# Recommended Lab Breeder



## Maverick (Mar 4, 2002)

Looking for a good breeder for fun loving labs ( I know most labs are)! Doesn't need to be of any quality hunting or trialing background as it will not be a hunter! A friends mother lost there lab (of about 16 years) last week and is looking to get a pup right away!

Thanks in advance!


----------



## Chaws (Oct 12, 2007)

Look at rescue if the dog is just going to be a pet. No need to be a low quality in terms of pedigree dog and support backyard breeders when you can save a dog from being euthanized. I believe there's going to be an adoption drive in Fargo this weekend on Sunday with 4-Luv of Dog Rescue.


----------



## Chaws (Oct 12, 2007)

Speaking of, here's a good lookin little guy that needs a home.

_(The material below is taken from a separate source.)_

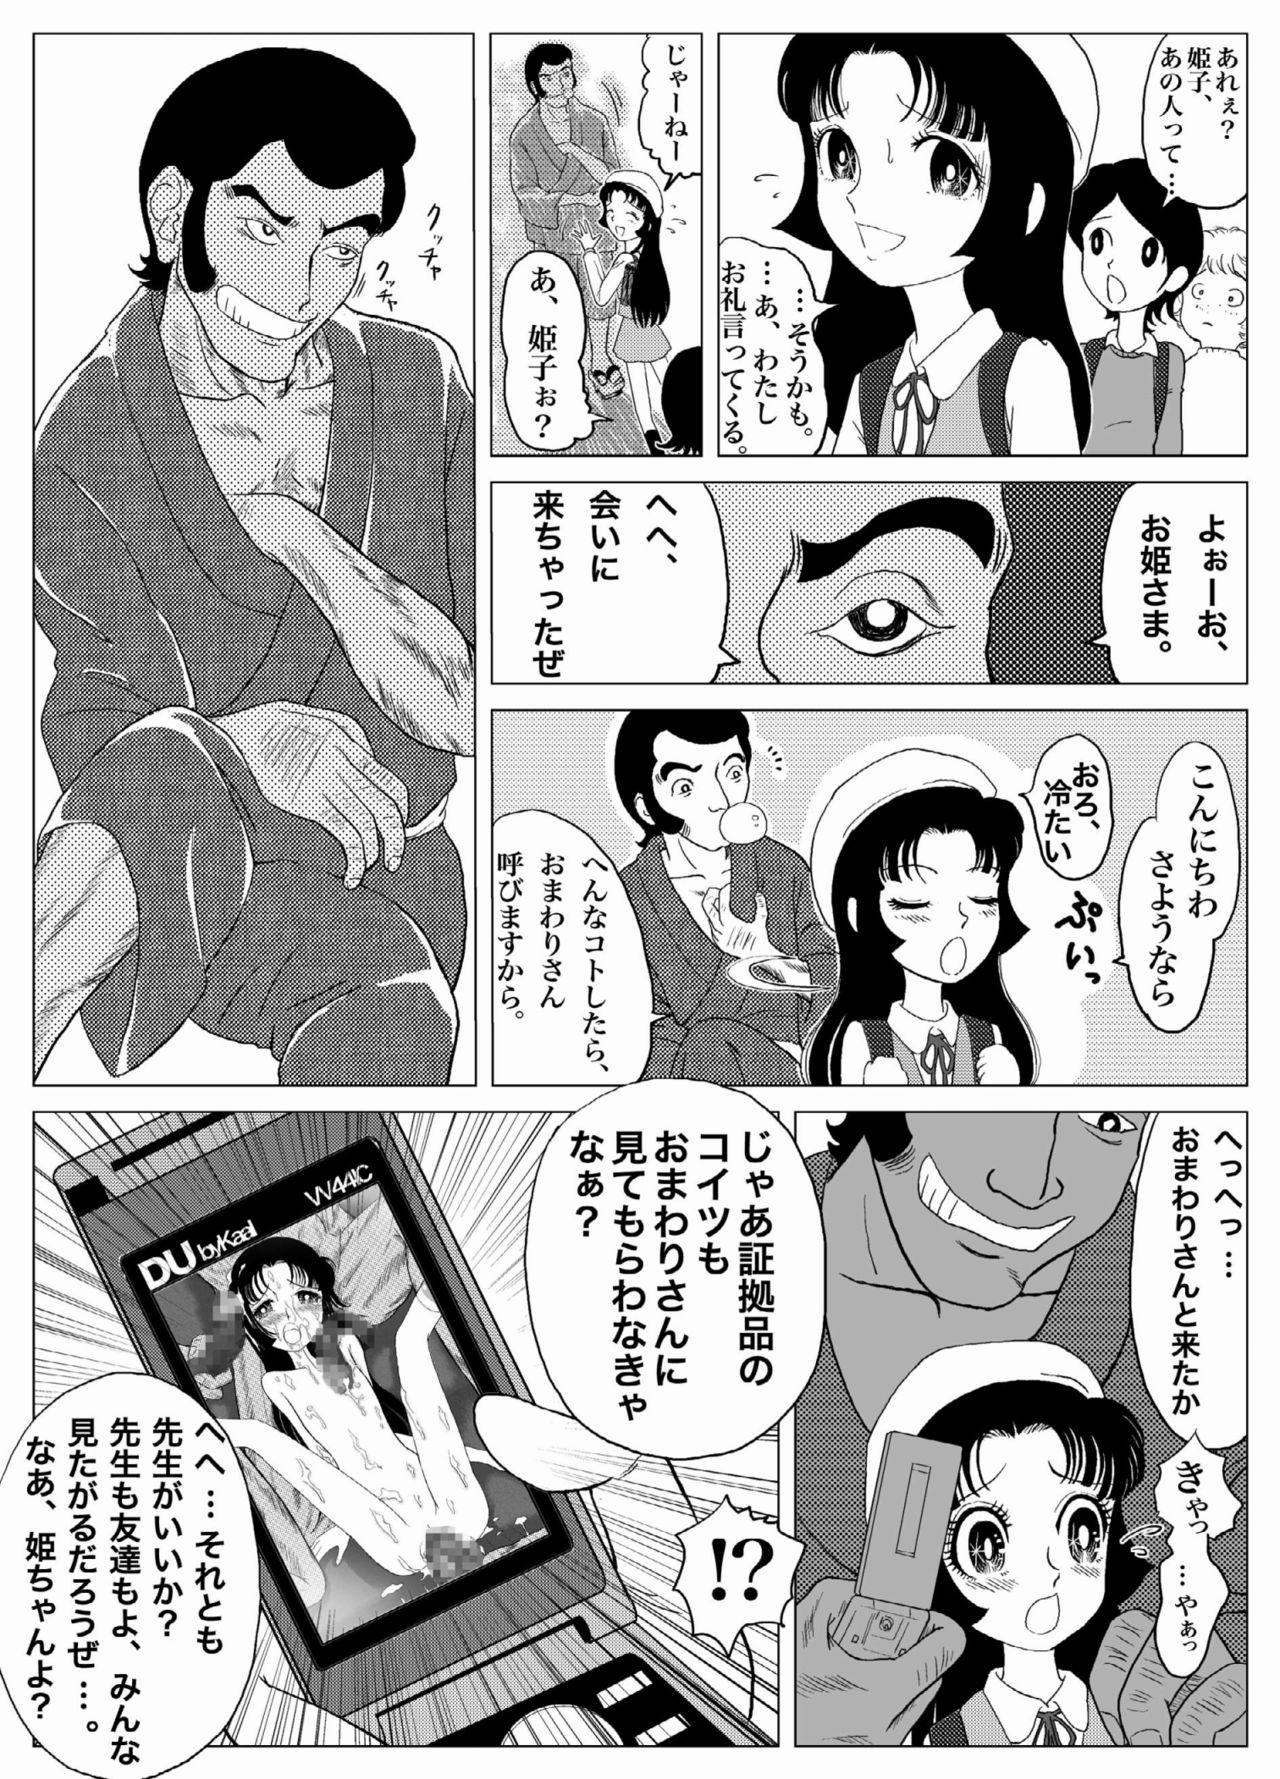 Women Uwasa no Goreijo - HIMEKO Still in the WRONG World Ex Girlfriend - Page 3

http://www.facebook.com/photo.php?pid=3 ... 7332965177


----------



## Maverick (Mar 4, 2002)

Thanks Troy.... I had mentioned the Humane Society and she is not ruling it out! I will email the picture to her and see what she says!


----------



## Sasha and Abby (May 11, 2004)

If I was looking for a pal, I would go to the shelter in a heartbeat. That dog will owe you his life - literally.


----------